The reason each of the potential consequences of a repeal of DADT begins with "may" is because no one from on high has addressed the consequences of a repeal in terms of how a chaplain conducts his ministry. The "may" is there based upon an assumption that upon repeal of DADT, homosexuality would be treated like any of the other "things" protected by EO regulations.


----------



## Puritan Sailor (Apr 19, 2010)

So there have been no official statements about the consequences for chaplains from any level of government or military? Even statements to calm the fears?


----------



## SolaScriptura (Apr 19, 2010)

Not that I'm aware. Again, IF homosexuals are treated like every other "protected class" covered by EO regulations, then these consequences will very likely occur.

While a GA decision wouldn't have any legal weight, it WOULD at least serve as a buffer (albeit a small one) should these things come to pass. 

Quite frankly, I'd want the GA to publish a definite position in order to keep chaplains ministerially honest. Unfortunately, I've encountered far too many chaplains who are willing to keep silent about a whole host of moral issues in order to "build bridges" or "gain credibility" with the pagans. I can so TOTALLY see a great many chaplains merely opting to keep their mouths shut (after all, there's so many other parts of the Bible to be preached that DON'T talk about homosexuality! I can just preach THOSE passages!) in order to get along.


----------



## Notthemama1984 (Apr 19, 2010)

I was under the impression that once one was behind the pulpit, everything was fair game. The govt could not dictate what one could or could not preach. Am I missing something?


----------



## SolaScriptura (Apr 19, 2010)

Chaplainintraining said:


> I was under the impression that once one was behind the pulpit, everything was fair game. The govt could not dictate what one could or could not preach. Am I missing something?



Try preaching against something protected by EO... see what happens. Remember, whenever someone's "religious freedoms" butt up against someone else's perceived "civil rights," their civil rights win.


----------



## Herald (Apr 19, 2010)

So what are the options? I suppose a chaplain can: A) Resign his commission B) Not preach certain topics C) Preach but be willing to face the consequences. Are there any other options?


----------



## Puritan Sailor (Apr 19, 2010)

SolaScriptura said:


> Not that I'm aware. Again, IF homosexuals are treated like every other "protected class" covered by EO regulations, then these consequences will very likely occur.
> 
> While a GA decision wouldn't have any legal weight, it WOULD at least serve as a buffer (albeit a small one) should these things come to pass.
> 
> Quite frankly, I'd want the GA to publish a definite position in order to keep chaplains ministerially honest. Unfortunately, I've encountered far too many chaplains who are willing to keep silent about a whole host of moral issues in order to "build bridges" or "gain credibility" with the pagans. I can so TOTALLY see a great many chaplains merely opting to keep their mouths shut (after all, there's so many other parts of the Bible to be preached that DON'T talk about homosexuality! I can just preach THOSE passages!) in order to get along.


 
So, if something similar would happen from the OPC GA it would add more of a buffer since they use the same endorsing agency, correct? I imagine if would help defend the chaplains if the denomination had something official in writing on the position. 

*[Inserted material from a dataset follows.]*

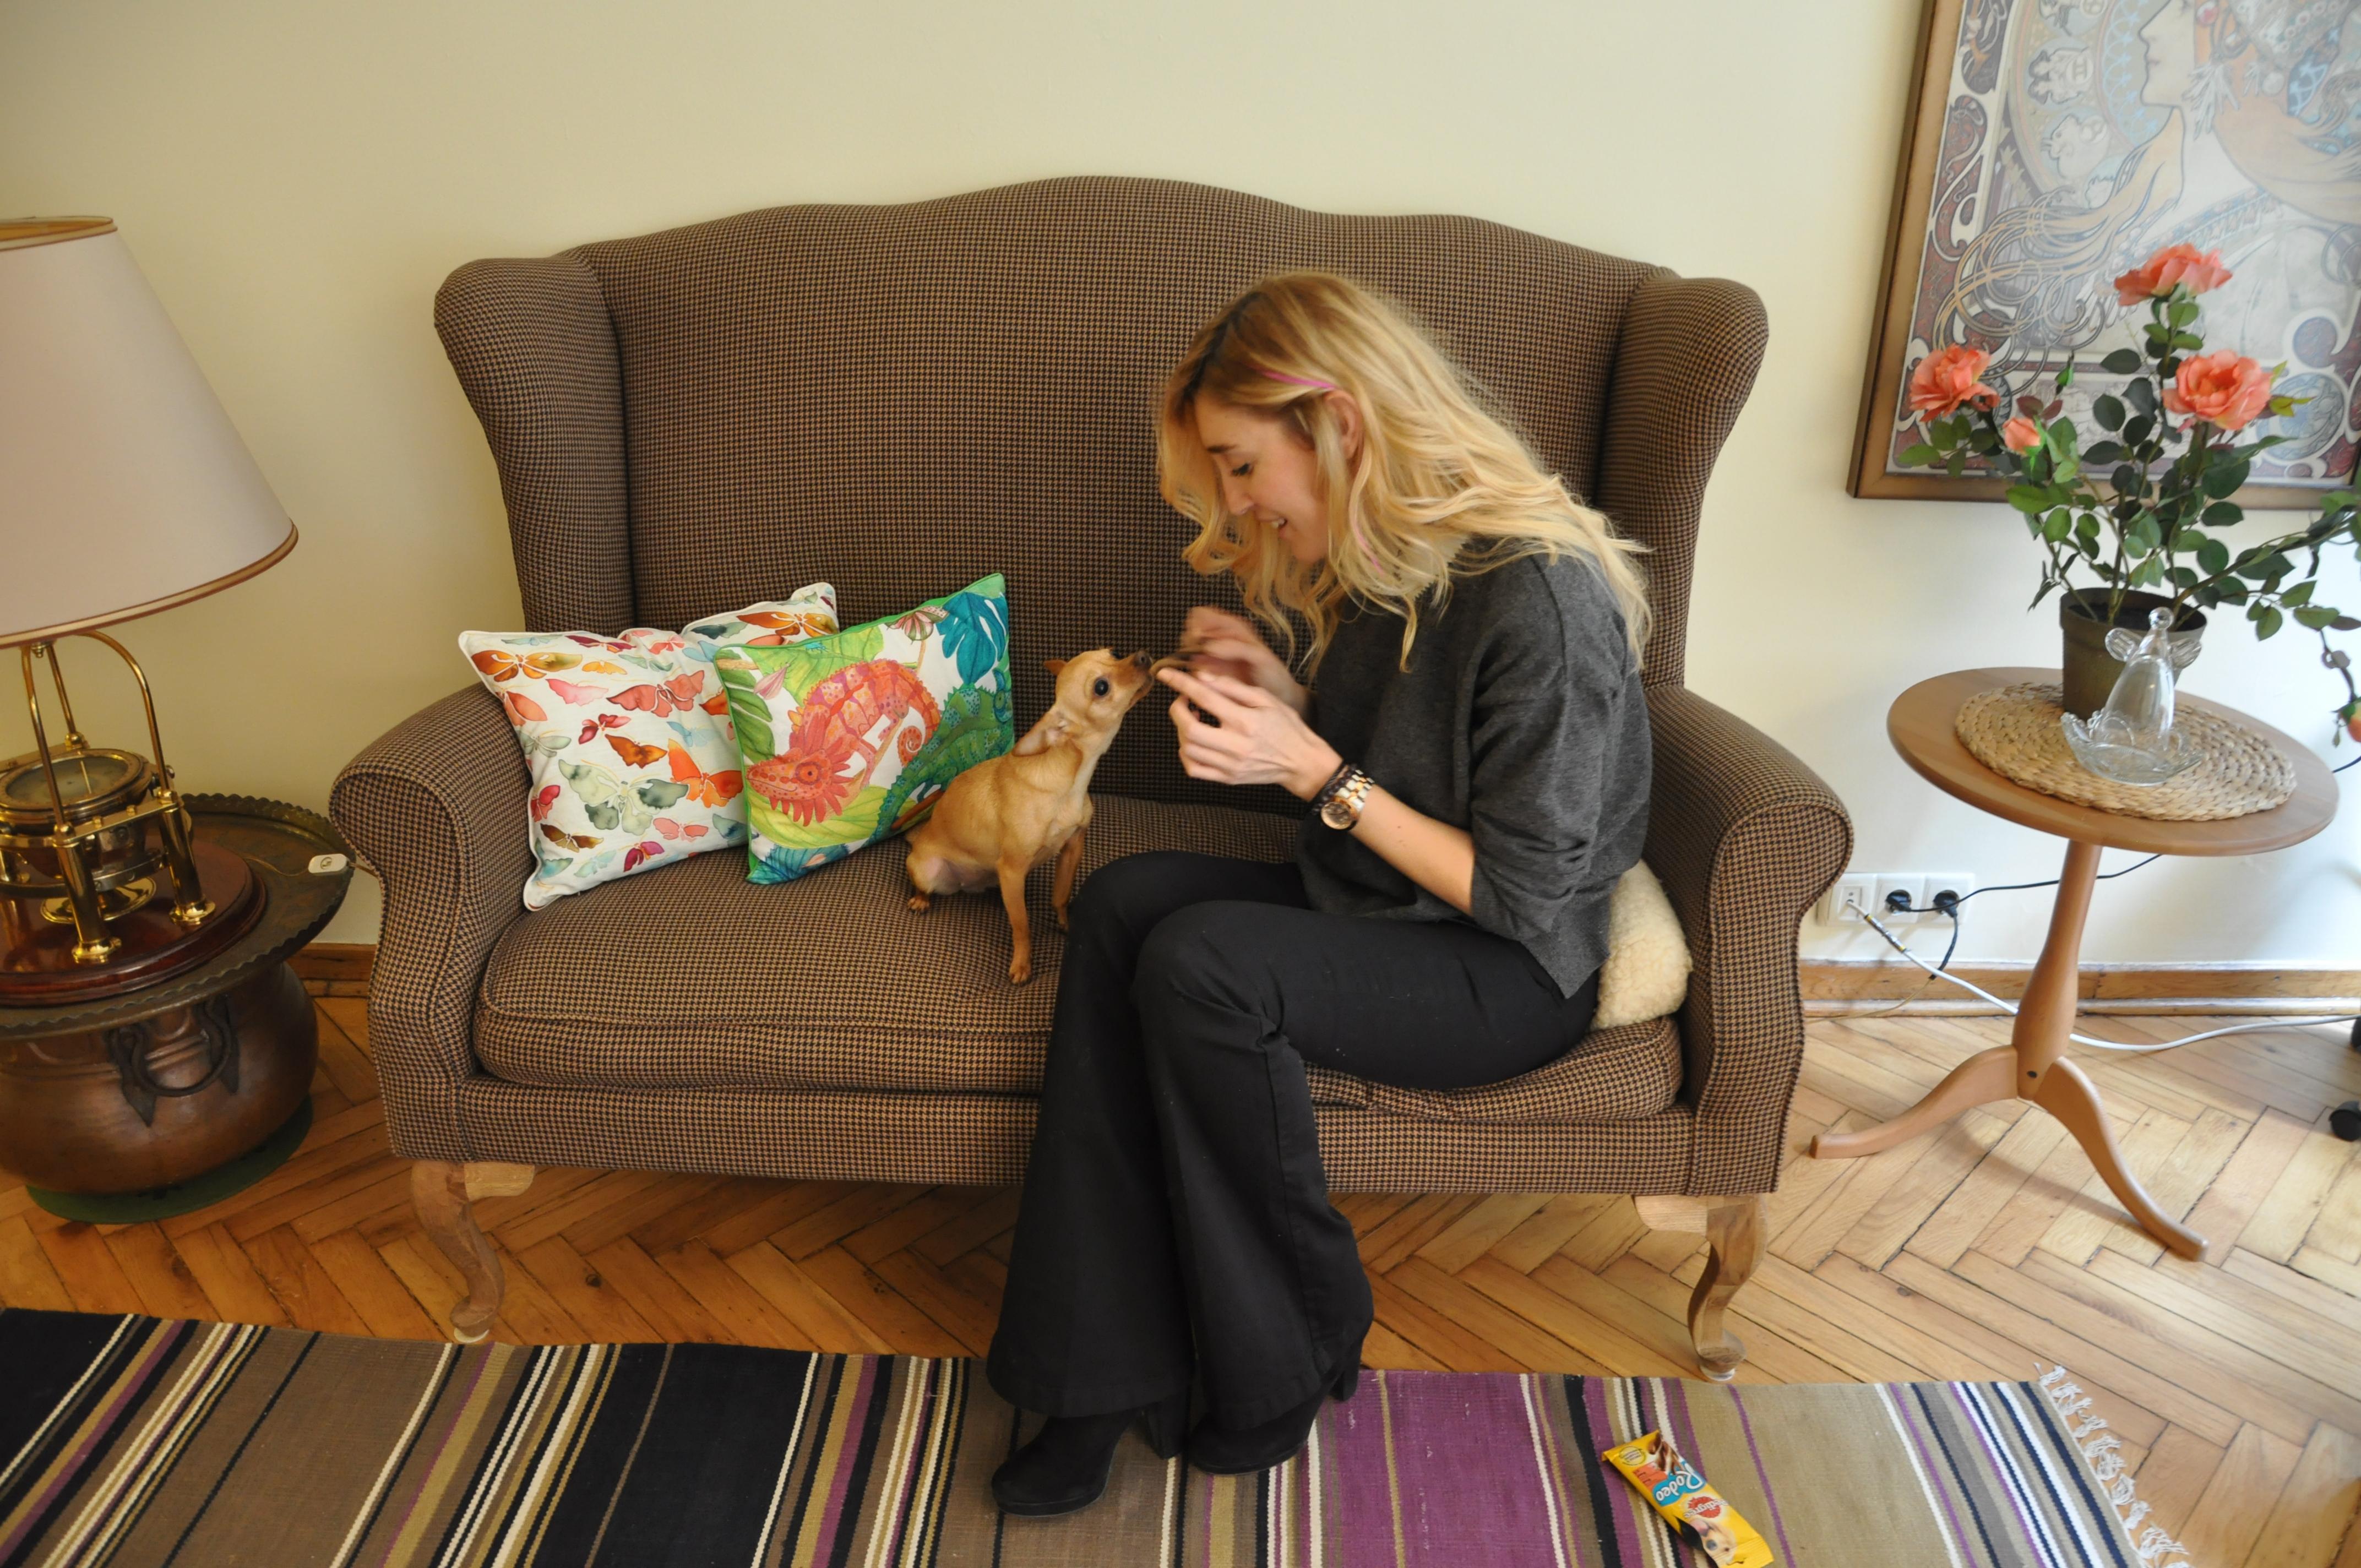 misafirlik köpegimle misafirlikteyim ne yapmalıyım burcu ozcan chihuahua mira 9

But, could the military just refuse to recognize those denominations or the joint endorsing agency?


----------



## jwithnell (Apr 19, 2010)

Oh my, you fellas are in quite a quandary. Not only for your personal convictions but for supporting the troops who share your perspectives on the scriptures. (I know a great reformed guy serving in Iraq right now.) May God grant you wisdom in how your proceed if these changes come about.


----------



## yeutter (Apr 20, 2010)

Rocky Mountain Presbytery has done us a favor by calling our attention to this issue. We need to remember the servicemen in our parishes in prayer. We also should keep all faithful chaplains in our prayers


----------



## darrellmaurina (Apr 22, 2010)

I live and work five minutes outside the gates of Fort Leonard Wood in southwest Missouri. This is a potentially devastating issue, not only for chaplains but also for the entire character of our military in which conservative Christian positions are not only tolerated but fairly widely held because the people most likely to enlist are southerners, rural northerners, and patriotic conservatives regardless of residence. At the absolute minimum, normalizing homosexuality in the military will create a recruitment problem in the groups that now are most likely to enlist.

Those who, like me, are in U.S. Rep. Ike Skelton's district (chairman of the House Armed Services Committee and a prominent conservative Democrat) need to send letters expressing their views on dont-ask-don't-tell. Those who are not in uniform but live in the districts of another member of the House Armed Services Committee need to do the same. The distinction is important: Rep. Skelton understands military members writing him on political matters, but not everyone in Congress does, and there could be consequences for those wearing the uniform if they make a Congressman angry with a pointed letter.


----------